Unable to connect to RabbitMQ via TLS in AWS

Keywords: RabbitMQ - AWS - Technical issue - Secure Connections (SSL/HTTPS)
bnsupport ID: 9c527537-b94e-cd9a-d238-00b12f0a2855
Description:
I am trying to configure RabbitMQ so that services on other EC2 instances within our VPC can connect via TLS. So far, I haven’t been able to connect via TLS (5671), but have been able to connect via TCP (on port 5672). (The connections are made using pika in python).

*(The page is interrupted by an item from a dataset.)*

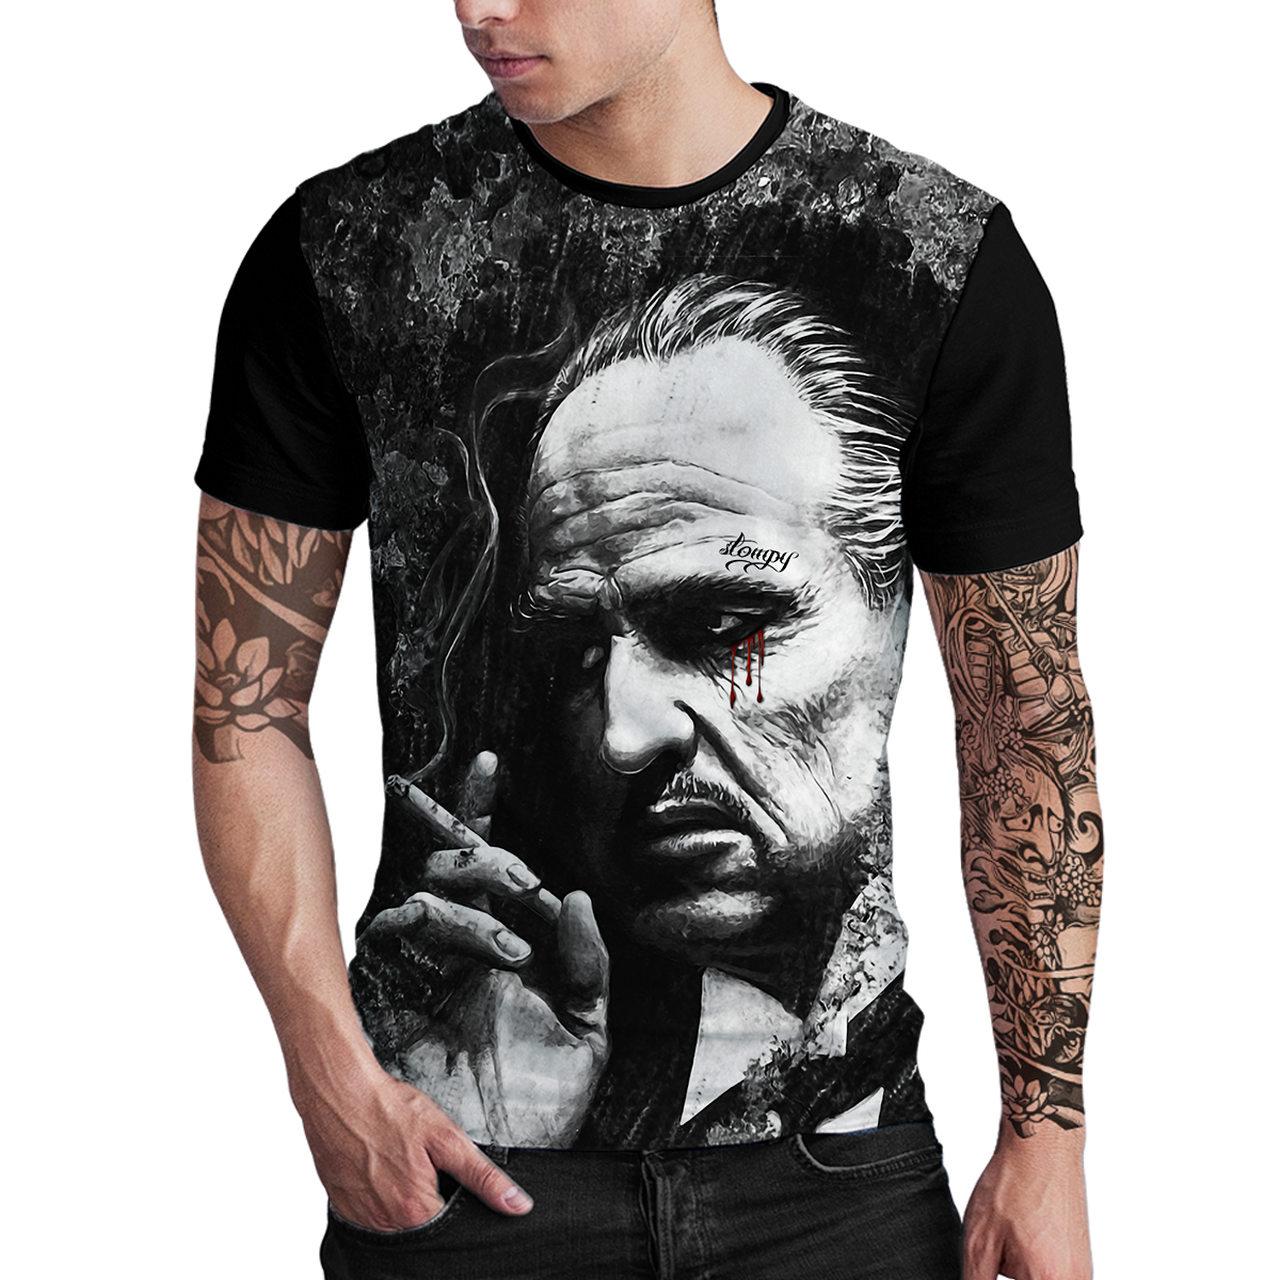 Stompy Camiseta Estampada Masculina Modelo 28

I think the issue is related to the configuration. The config file at /opt/bitnami/rabbitmq/etc/rabbitmq/rabbitmq.config has been modified to look like this:

[
  {rabbit, [
     {ssl_listeners, [5671]},
     {ssl_options, [{cacertfile, "/opt/bitnami/rabbitmq/ca_certificate.pem"},
                    {certfile,   "/opt/bitnami/rabbitmq/server_certificate.pem"},
                    {keyfile,    "/opt/bitnami/rabbitmq/server_key.pem"},
                    {password, "password"},
                    {verify,     verify_peer},
                    {fail_if_no_peer_cert, false}]},
     {tcp_listeners, [5672]},
     {disk_free_limit, {mem_relative, 1.0} },
     {cluster_partition_handling, ignore },
     {default_vhost, <<"/">>},
     {default_user, <<"user">>},
     {default_permissions, [<<".*">>, <<".*">>, <<".*">>]}
    ]
 },
 {rabbitmq_management,
  [
    {listener, [{port, 15672 }, {ip, "0.0.0.0"}]}
  ]
 }
].

I can connect to RabbitMQ via port 5671 using this config on my local machine. In the RabbitMQ log on my local machine it has a line indicating that it is listening on port 5671:

2020-12-05 22:39:43.434 [info] <0.786.0> started TLS (SSL) listener on [::]:5671

I don’t see this line in the log file on the AWS instance, so I think that I either need to adjust the config for this context, or need to adjust how RabbitMQ is invoked.

Thanks for the help.

Hi @crussell,

Thank you for using Bitnami. The RabbitMQ conf looks fine (https://www.rabbitmq.com/ssl.html), can you confirm you restarted the service after applying the change? I do not see any reference to the port 5671 in the log file as you mentioned.

sudo /opt/bitnami/ctlscript.sh restart

Please note that you also need to open the port in the firewall if you are accessing the app remotely

https://docs.bitnami.com/aws/faq/administration/use-firewall/

Thanks

This topic was automatically closed 14 days after the last reply. New replies are no longer allowed.